If conditions are right for umiaks, crew members, wearing white canvas jackets, paddle the white skin boats, sometimes breaking through thin ice, looking for bowheads as the animals rise to breathe. Once they see one, they have to move toward it as quietly as they can. They must get within several feet to harpoon. The designated harpooner makes the strike. The whalers usually rely on a harpoon with an explosive core that can kill the whale quickly.

“After that, there’s a lot of shouts of joy in the boat,” said Eddie Lisbourne, who has hunted bowheads for more than 40 years. “There is a lot of hollering. Maybe a few tears on some of the guys. It’s a good feeling.”

Then comes the task of hauling the massive animal in and butchering it. Hunters use the village block and tackle to get the whale out of the water.

“They call all the guys on one rope. Everybody grabs this rope, pulling it,” Lisbourne said. “It’s hard work, but everybody is working together.”

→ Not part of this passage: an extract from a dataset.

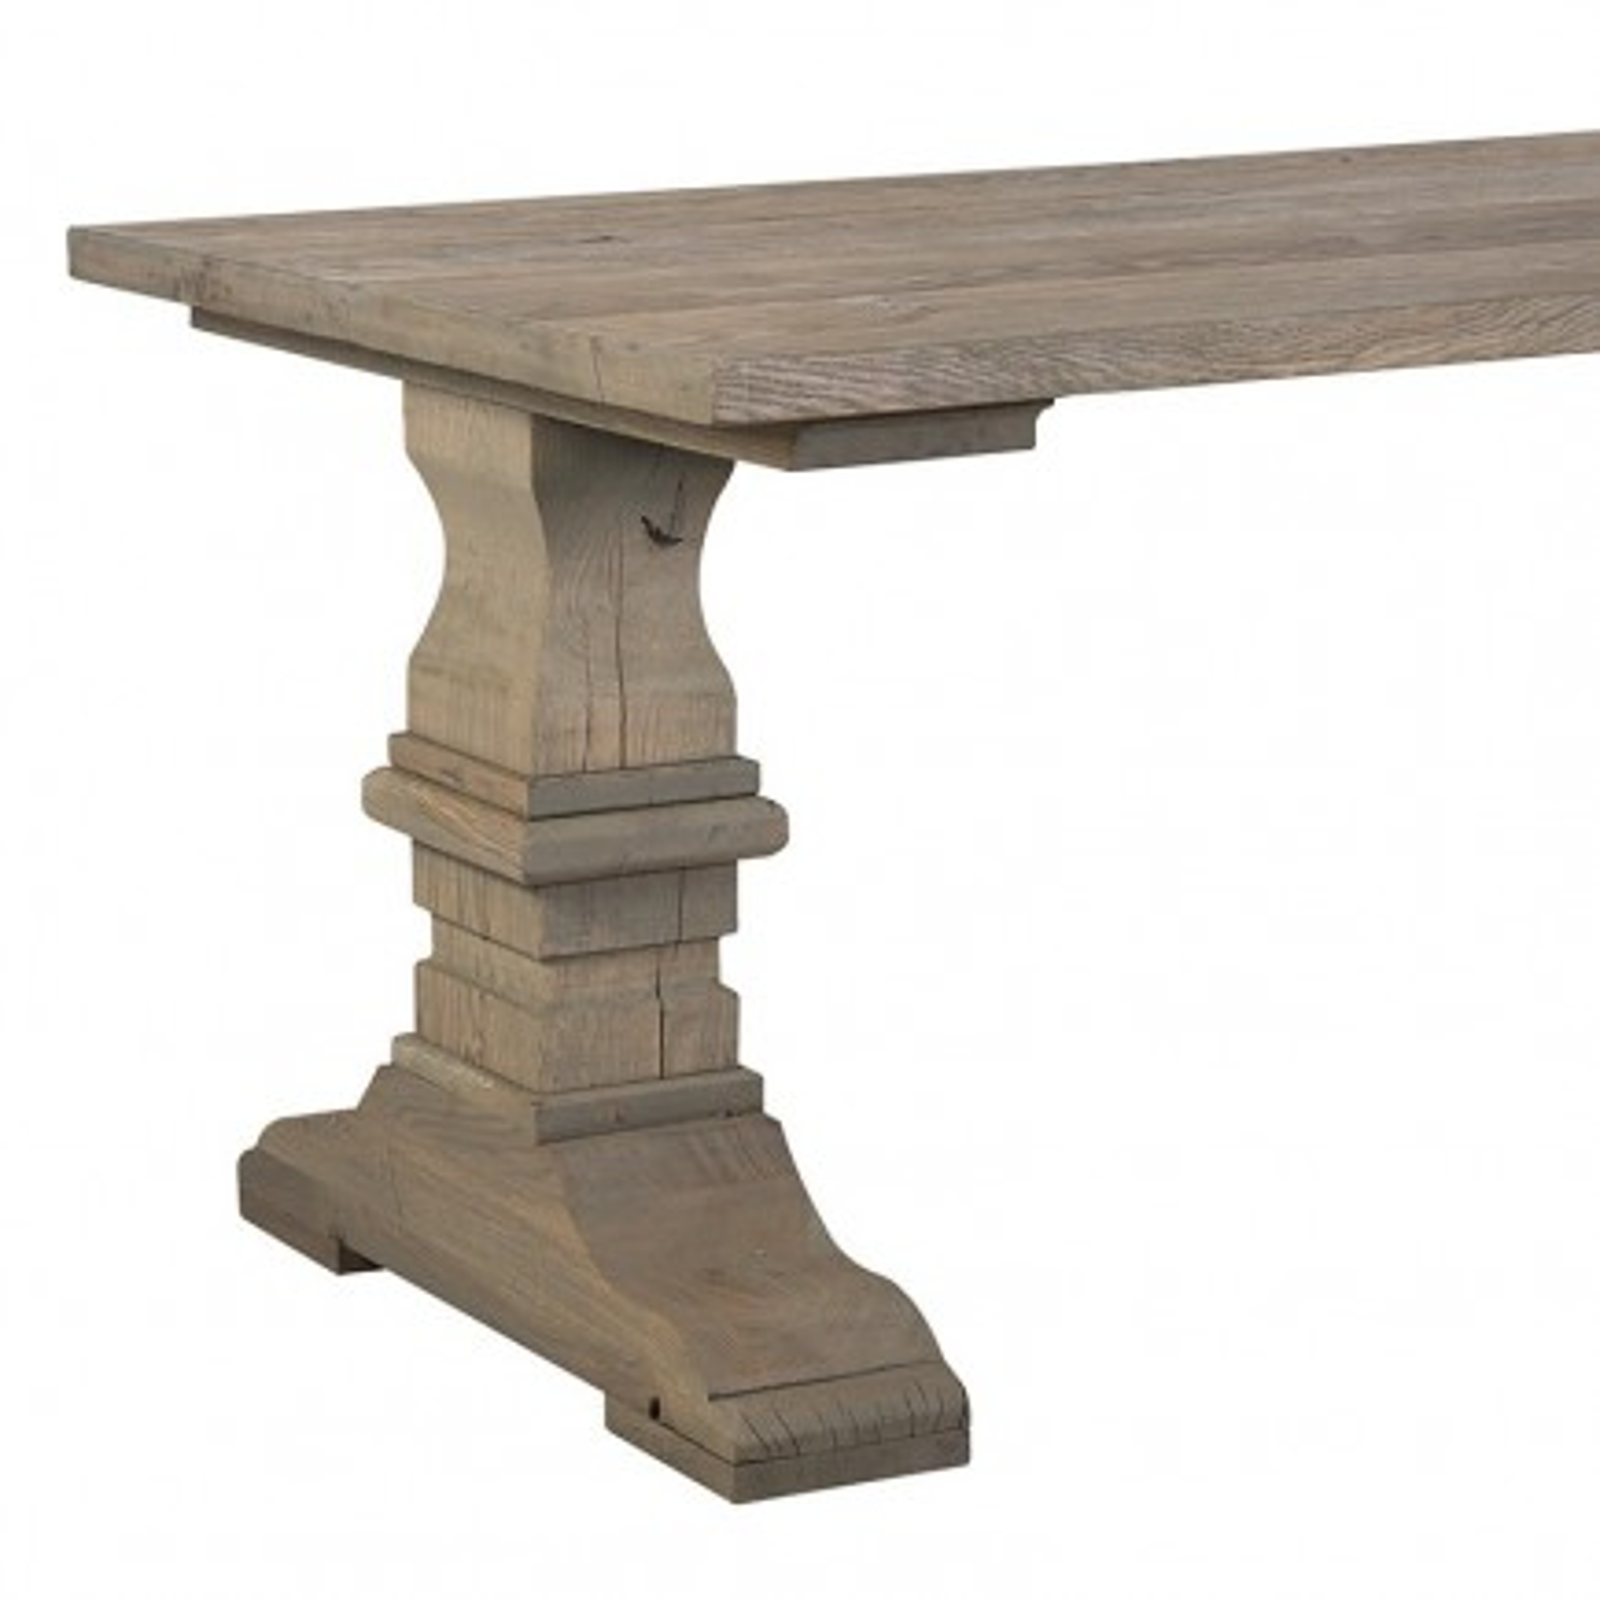 Table de salle Castle Victoria Chêne - achat table style campagne

Crew members tie a block and tackle system to a whale's tail to get it ashore.
Nathaniel Wilder
Aaron Oktollik cuts up a share of muktuk and oochik (whale tongue) in his living room.
Nathaniel Wilder

Once the whale is on shore, they go to town to ring the church bell. And everyone comes to see. Then begins the cutting and distribution of meat. Parts of the whale are designated as shares for the families of the whaling captain and crew. Villagers all wait for a mouthful as well. Fresh whale tastes marine and slightly herbal, like dried seaweed. Its texture depends. Many cuts are dense and chewy.

“Everybody will have a taste,” Lisbourne said. Other parts of the whale are fermented, frozen, aged and put into ice cellars, which are carved into the permafrost. Whale is served to the community at Thanksgiving, Christmas, at the end of whaling season feast in the spring and in the fall, when the first ice forms.

“It’s in our tradition, it’s our heritage, it’s the way our forefathers did it to feed the community, to eat,” Oktollik said.